(Data in this exercise begins)

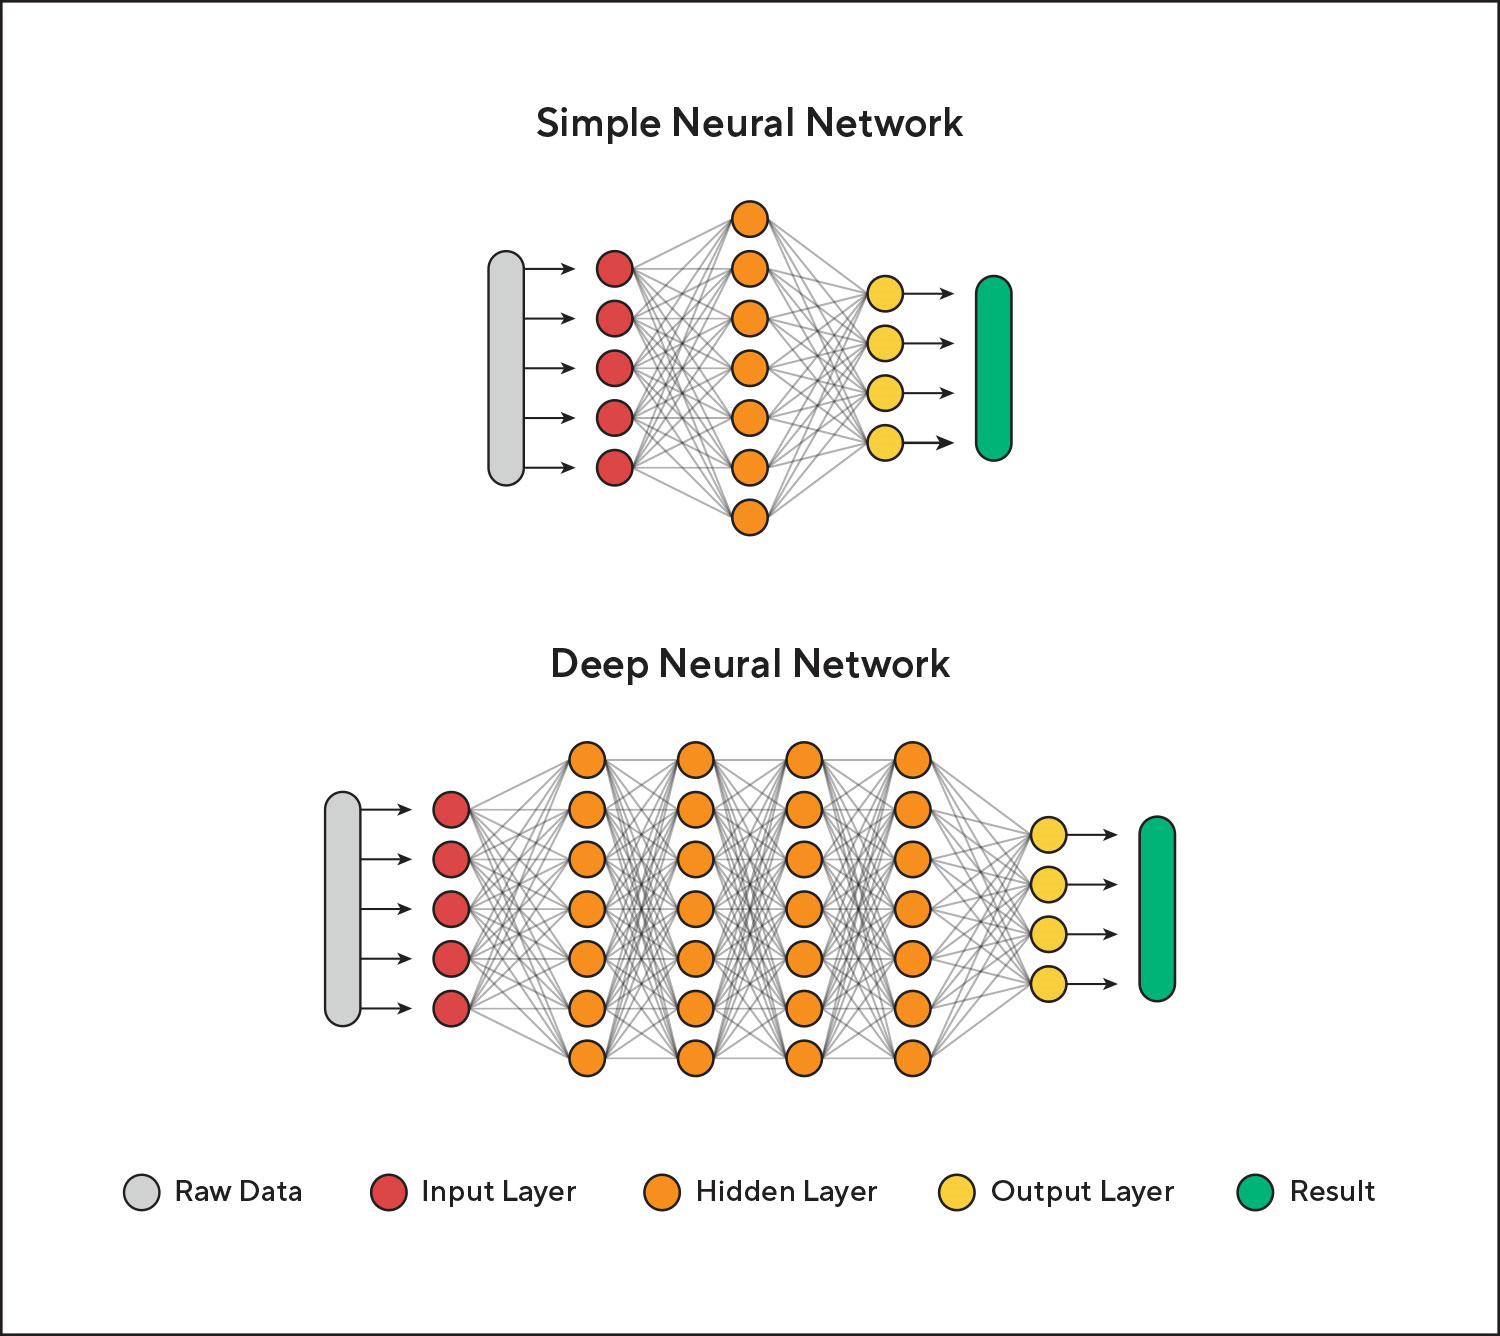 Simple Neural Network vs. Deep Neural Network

(Data in this exercise ends)
(Data in this exercise begins)

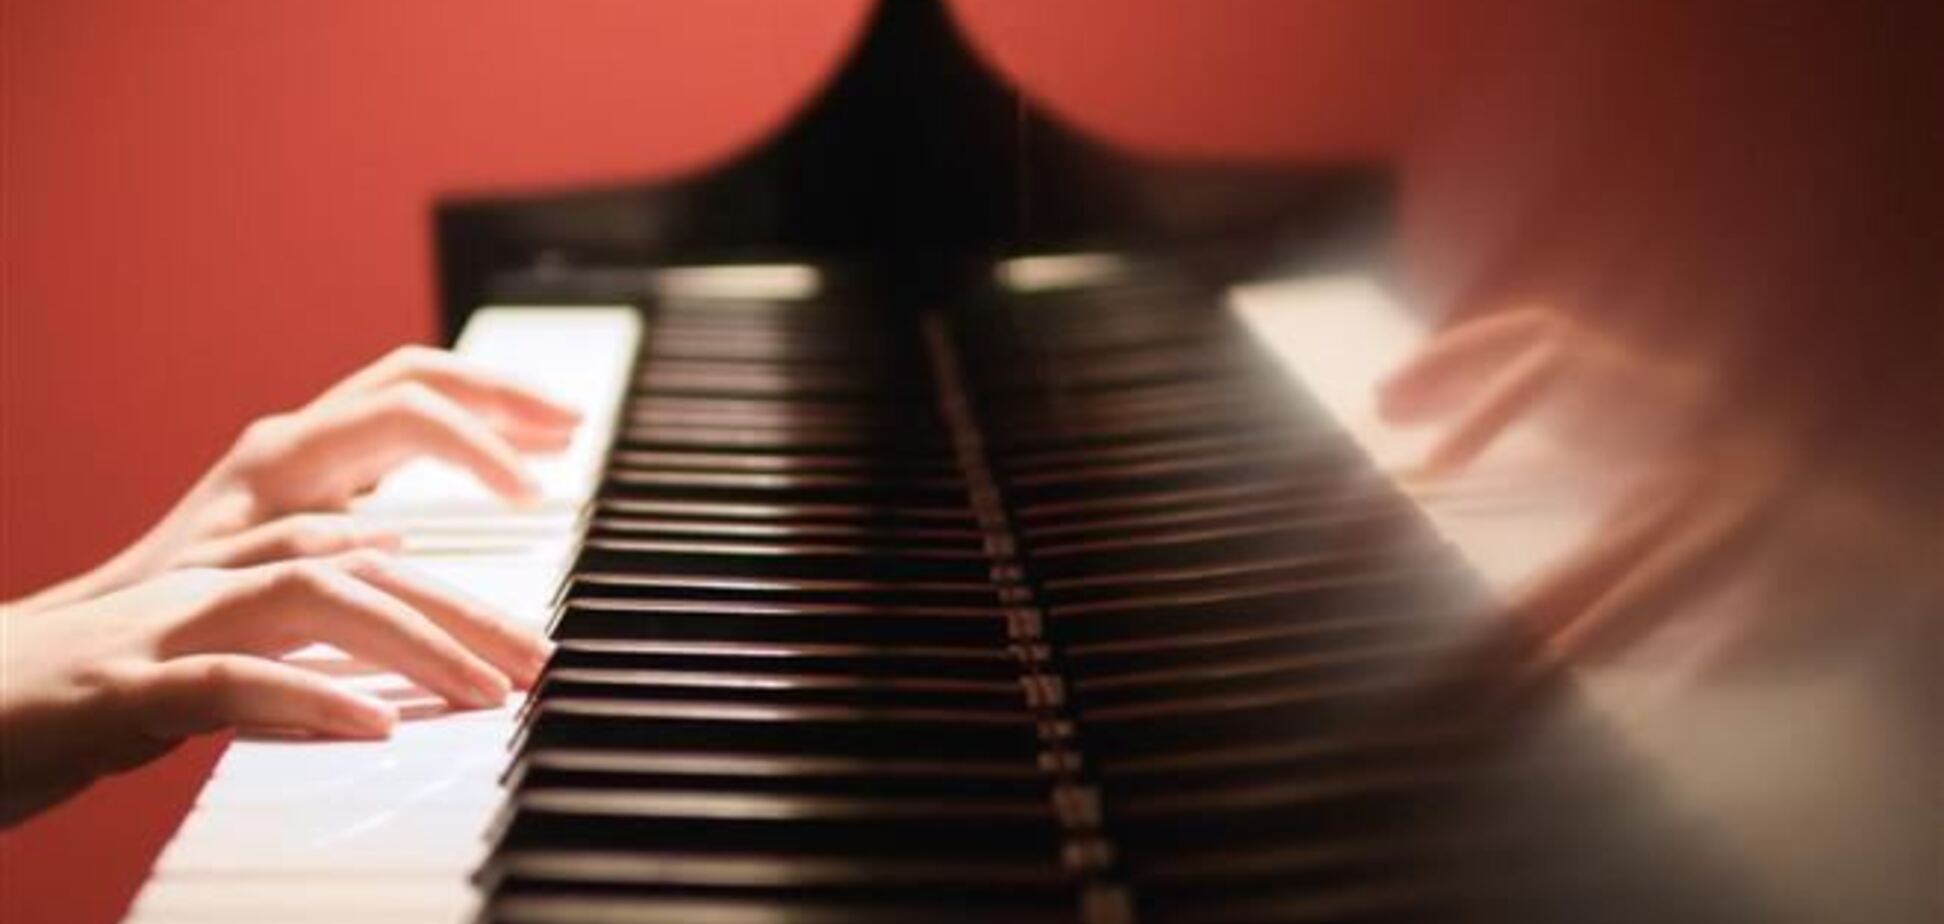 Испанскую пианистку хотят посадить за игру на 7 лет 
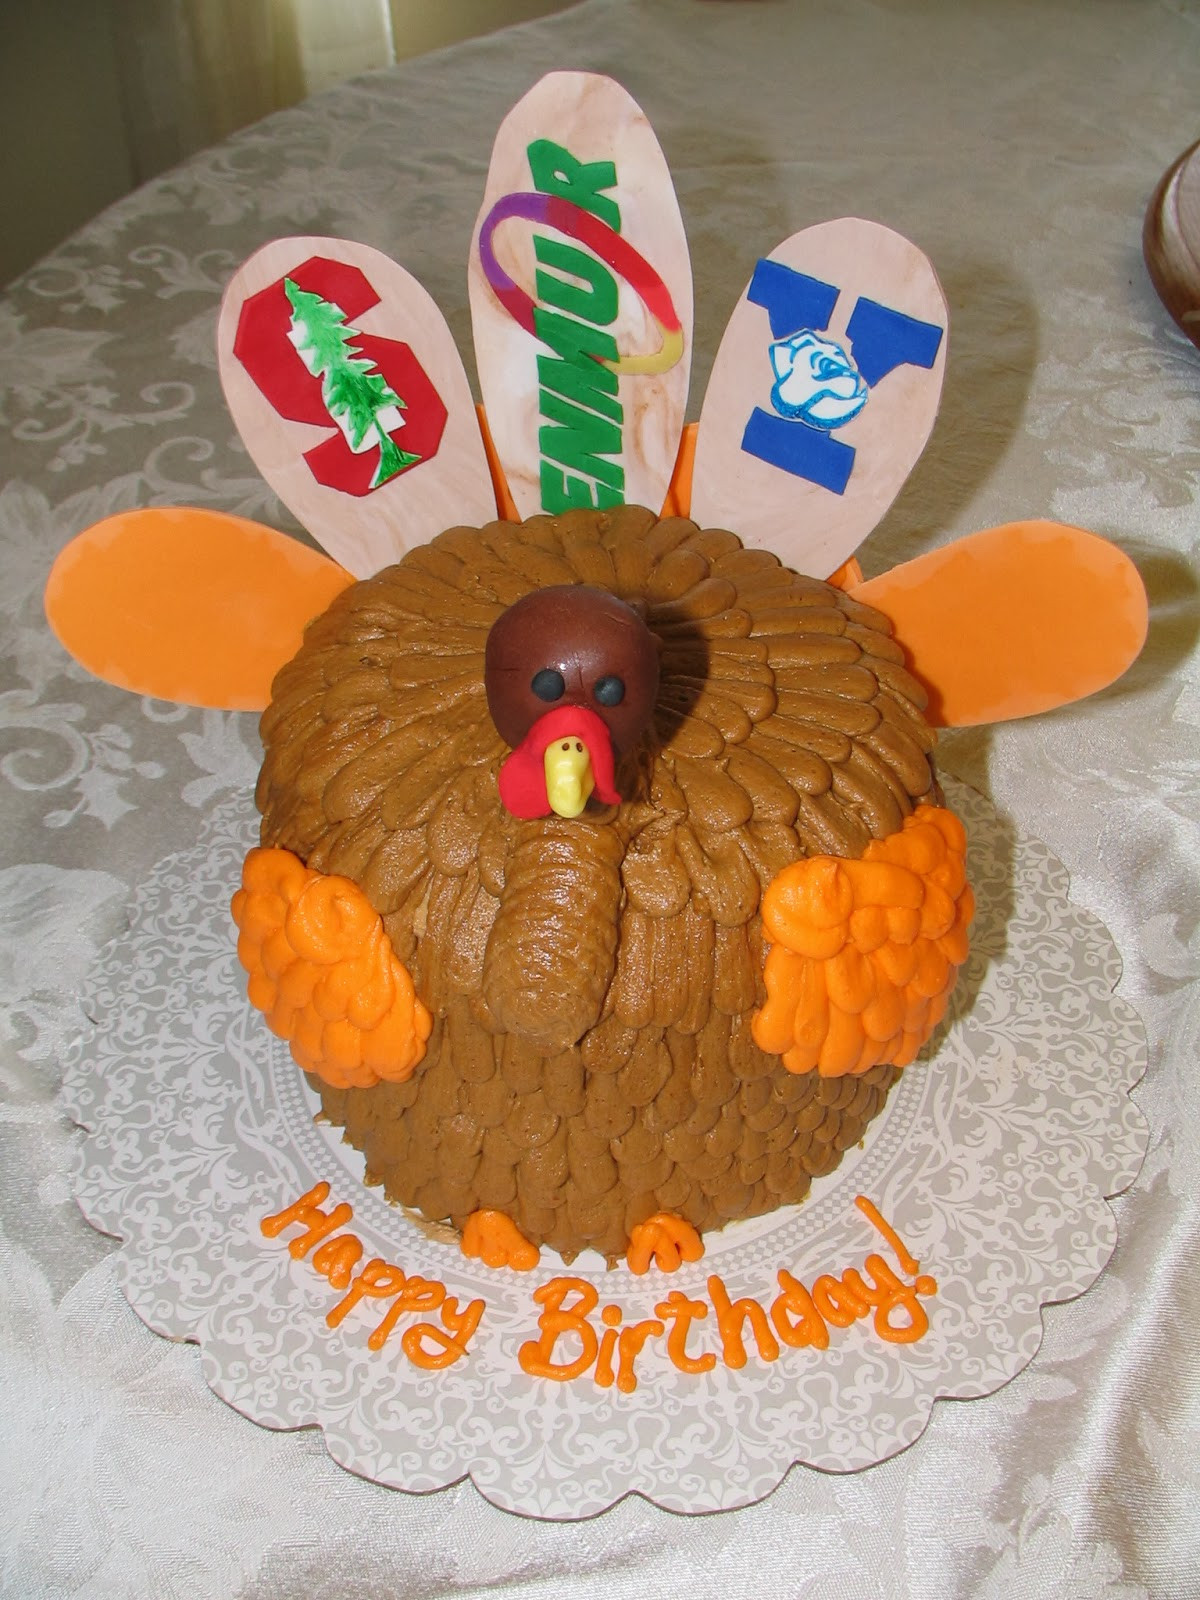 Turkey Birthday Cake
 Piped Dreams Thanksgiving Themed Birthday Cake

(Data in this exercise ends)
(Data in this exercise begins)

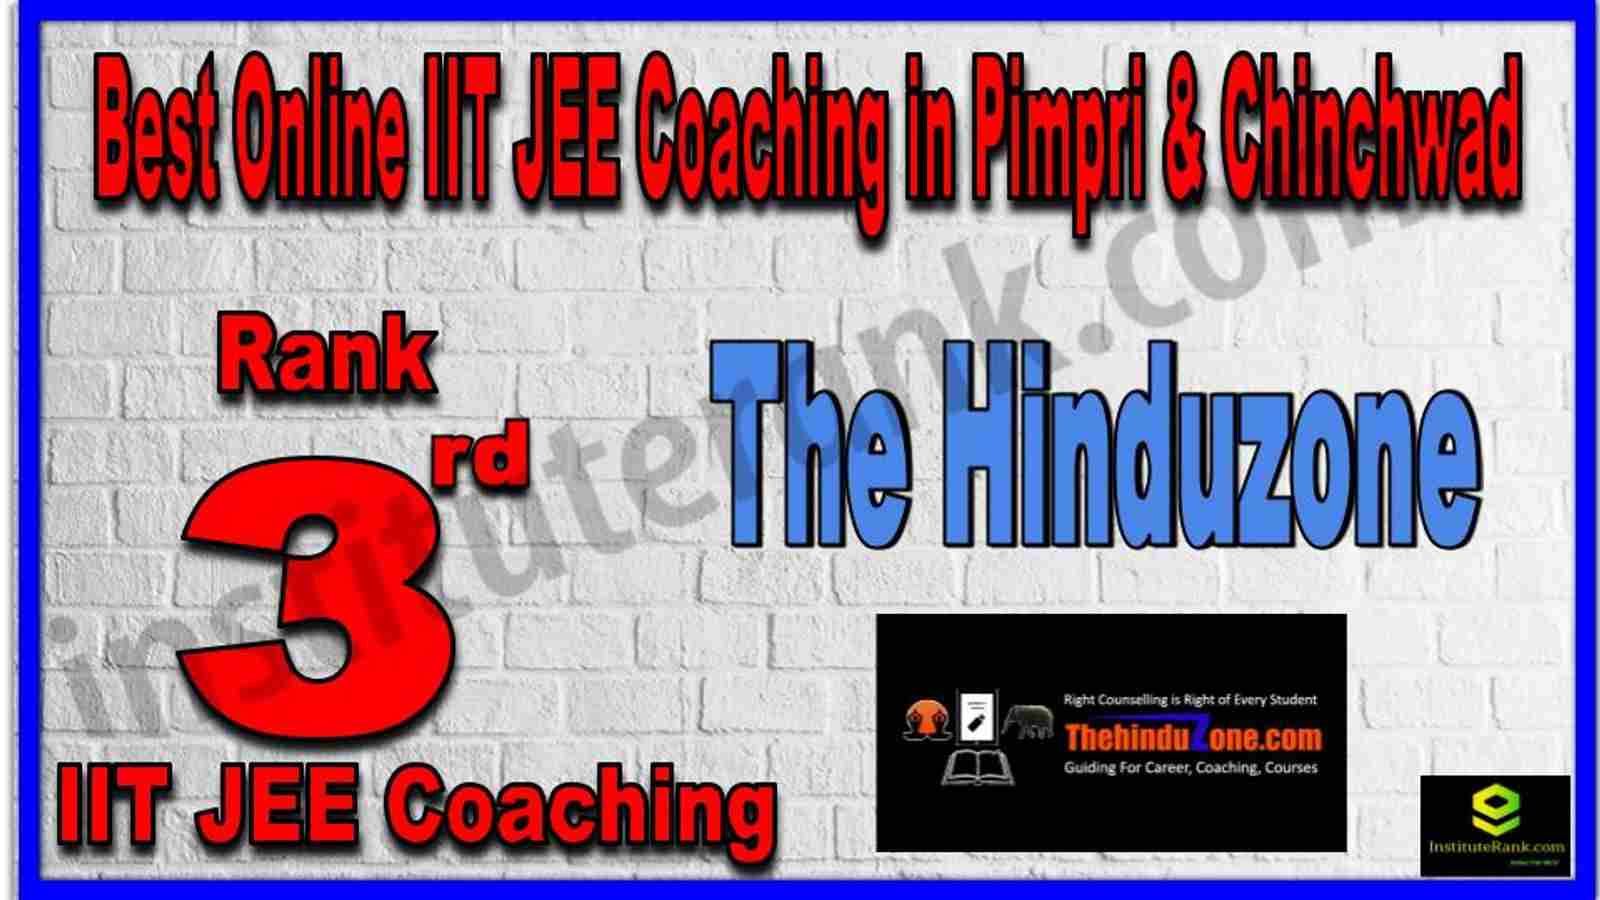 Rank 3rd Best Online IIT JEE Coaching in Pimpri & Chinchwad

(Data in this exercise ends)

▸ **Assignment**
From the line containing "Turkey Birthday Cake" through the line containing "Piped Dreams Thanksgiving", copy every line above exactly, without pictures.

▸ **Written answer**
 Turkey Birthday Cake
 Piped Dreams Thanksgiving Themed Birthday Cake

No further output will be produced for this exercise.